* Assignment
Every line below from the one with "Swirl Art by AirElephant" through the one with "Women's Ash Grey T-shirt" is to be repeated exactly, with no picture among them.

* Input for this task
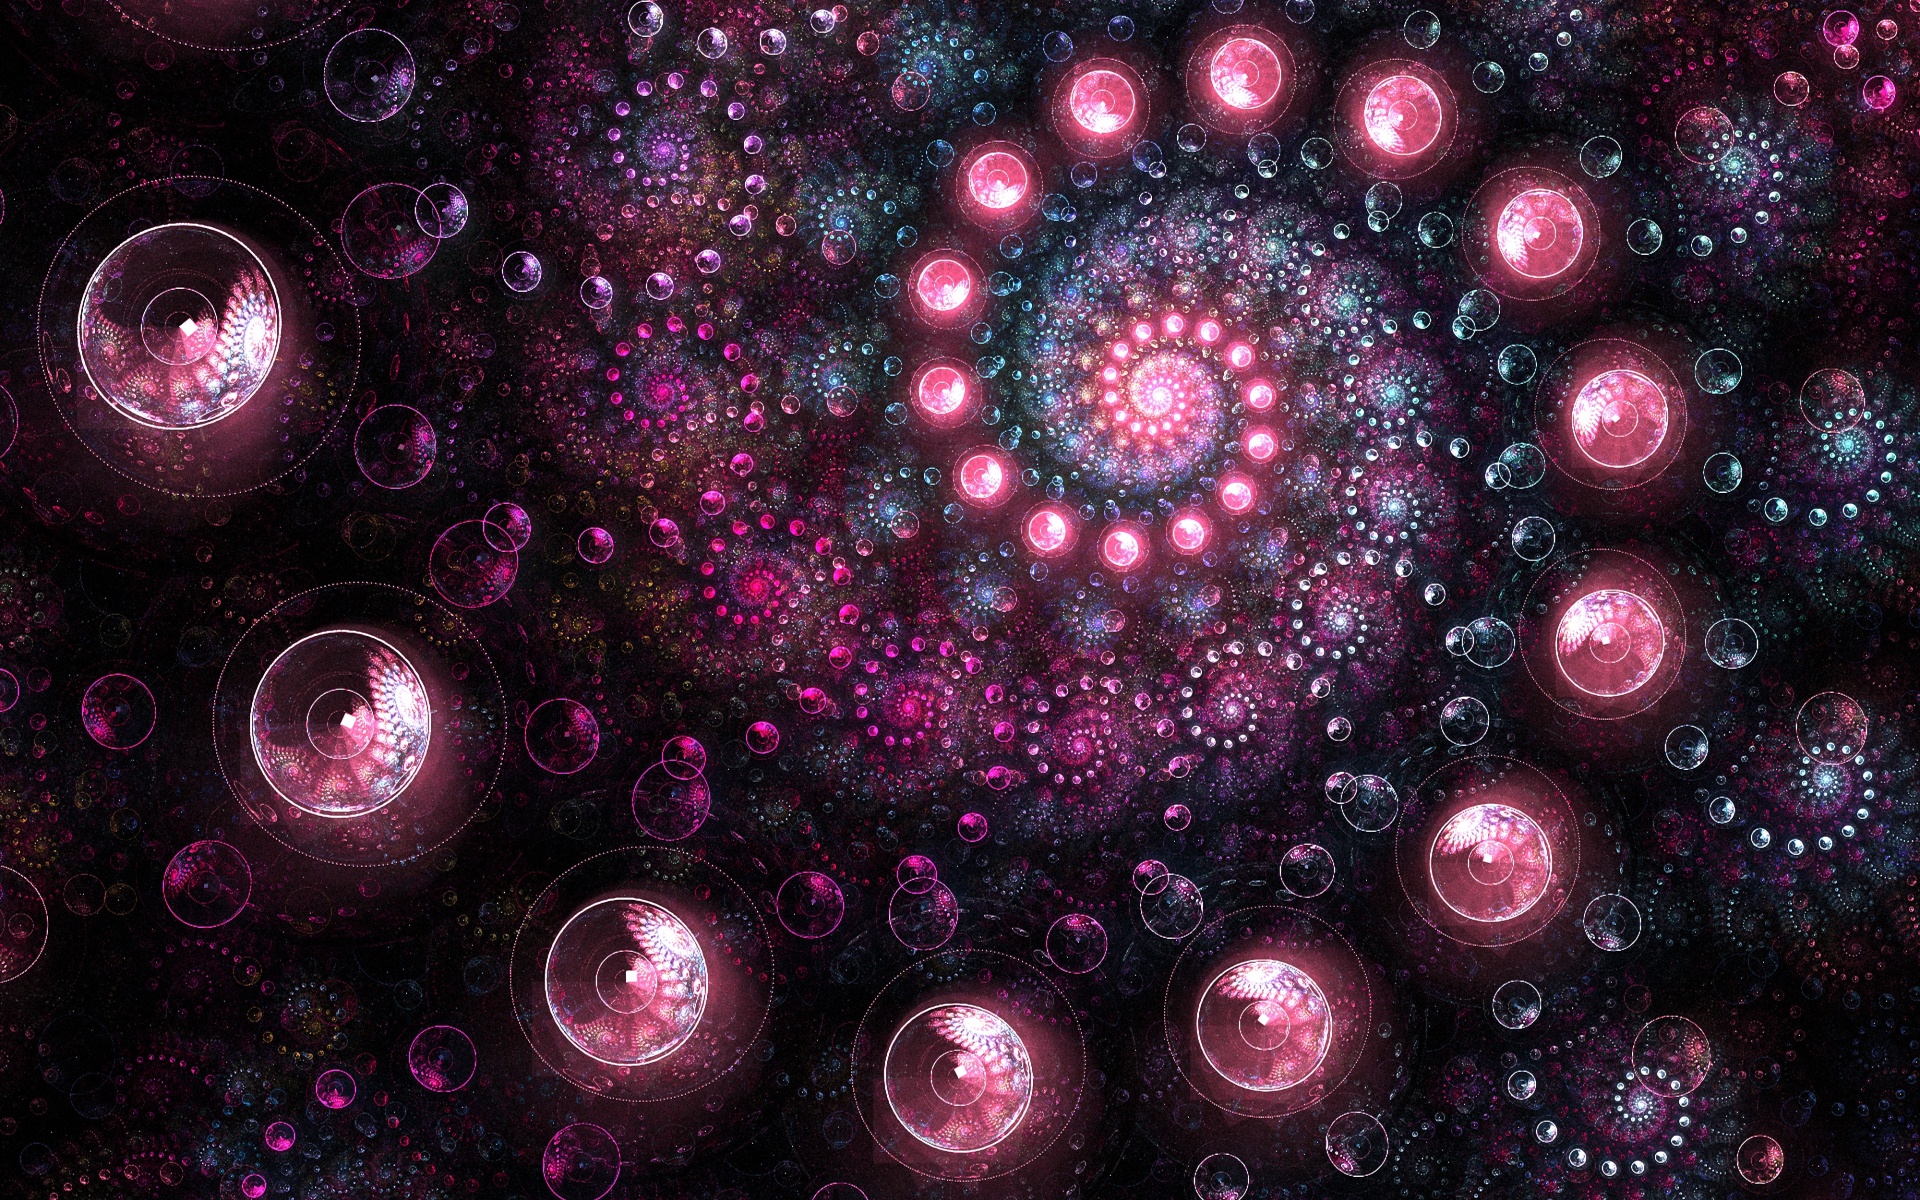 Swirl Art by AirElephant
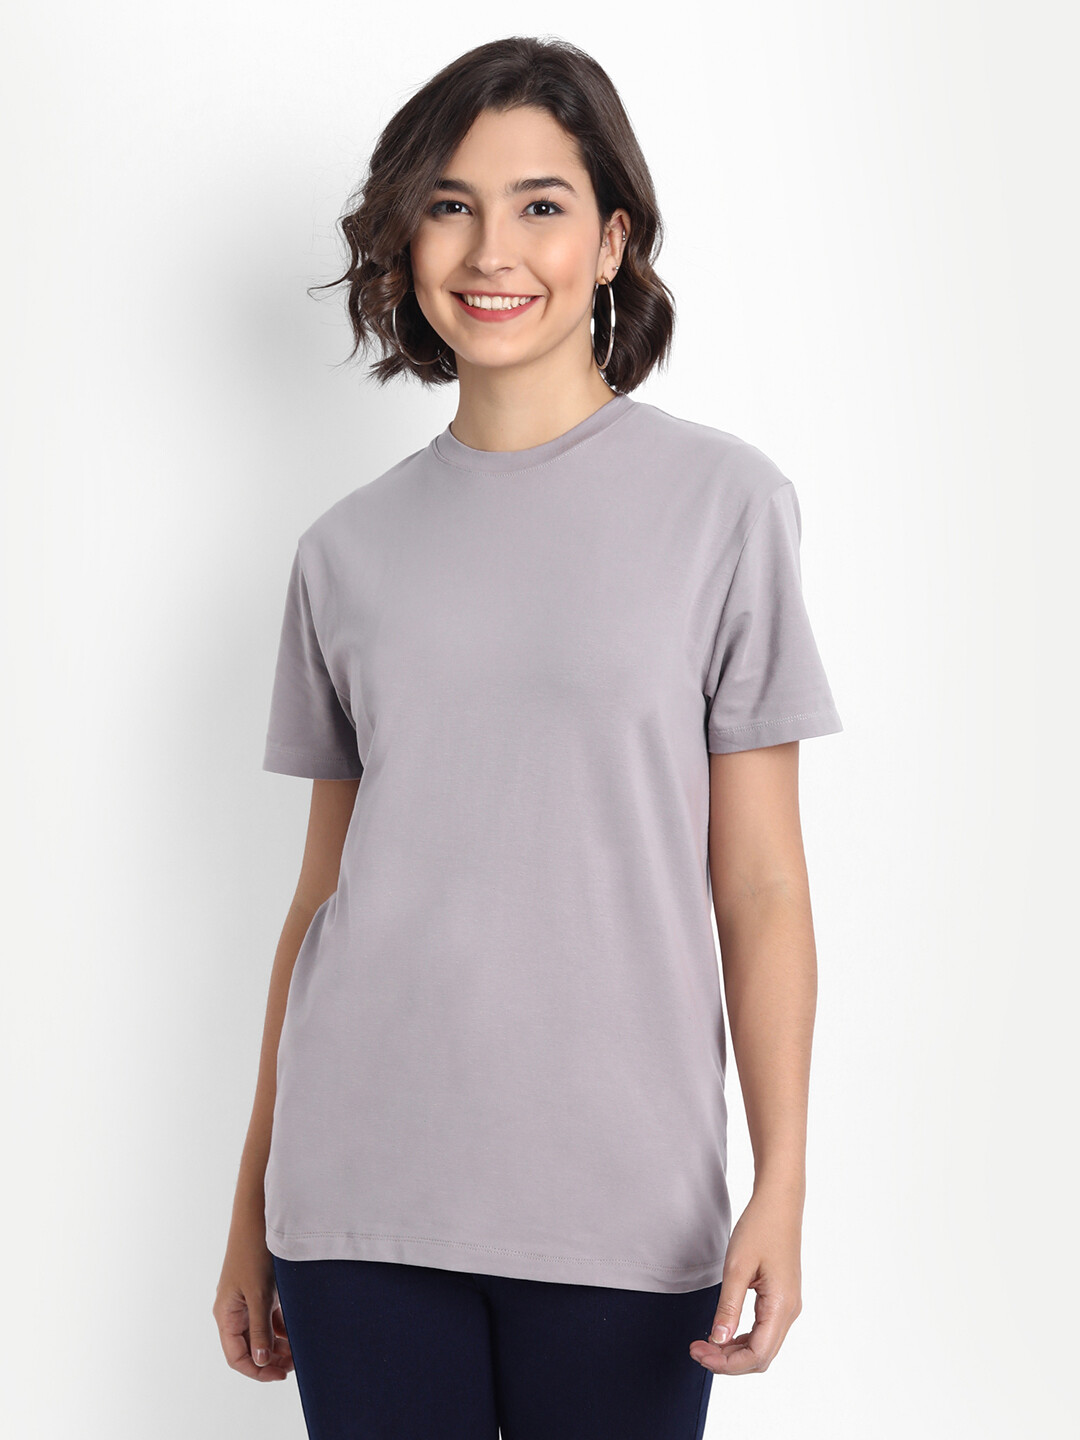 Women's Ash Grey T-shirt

--

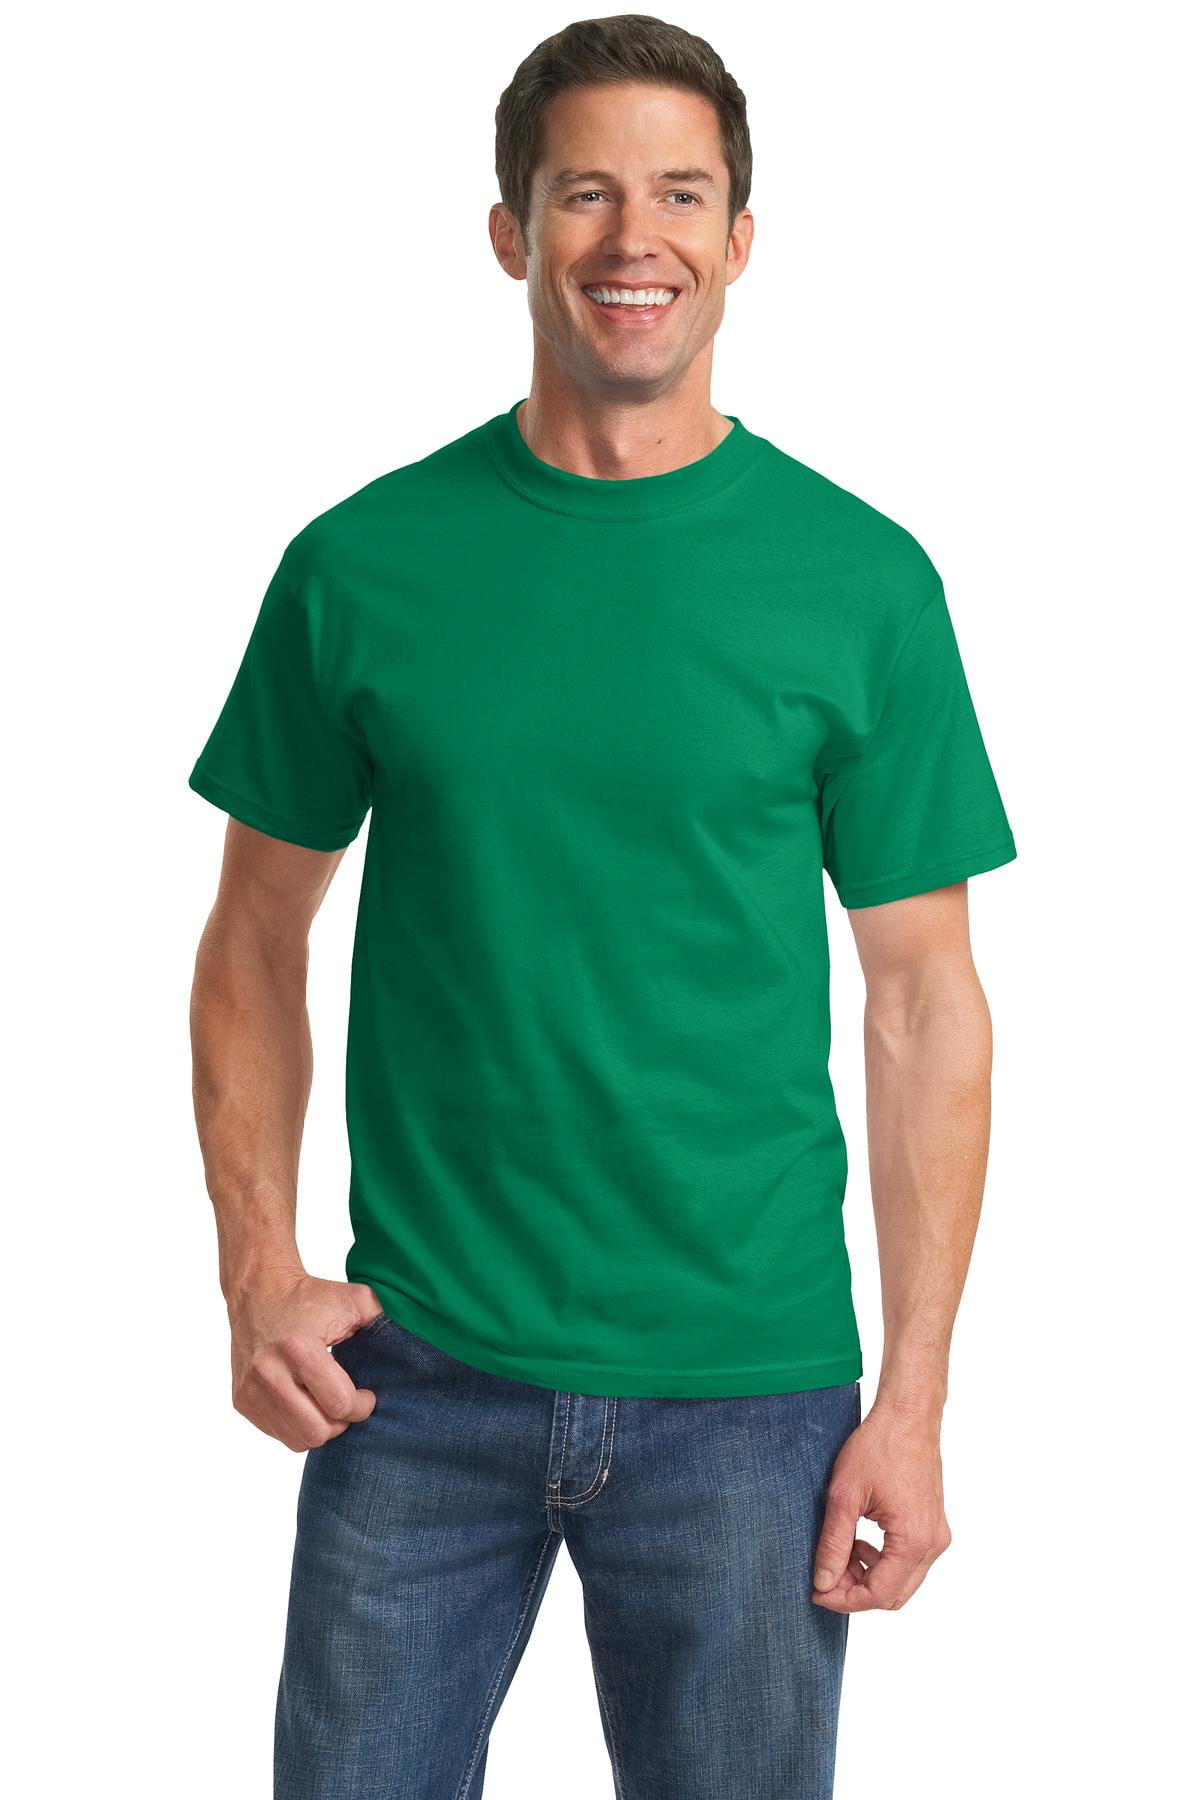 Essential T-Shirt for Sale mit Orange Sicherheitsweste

* Solution for this exercise
 Swirl Art by AirElephant
 Women's Ash Grey T-shirt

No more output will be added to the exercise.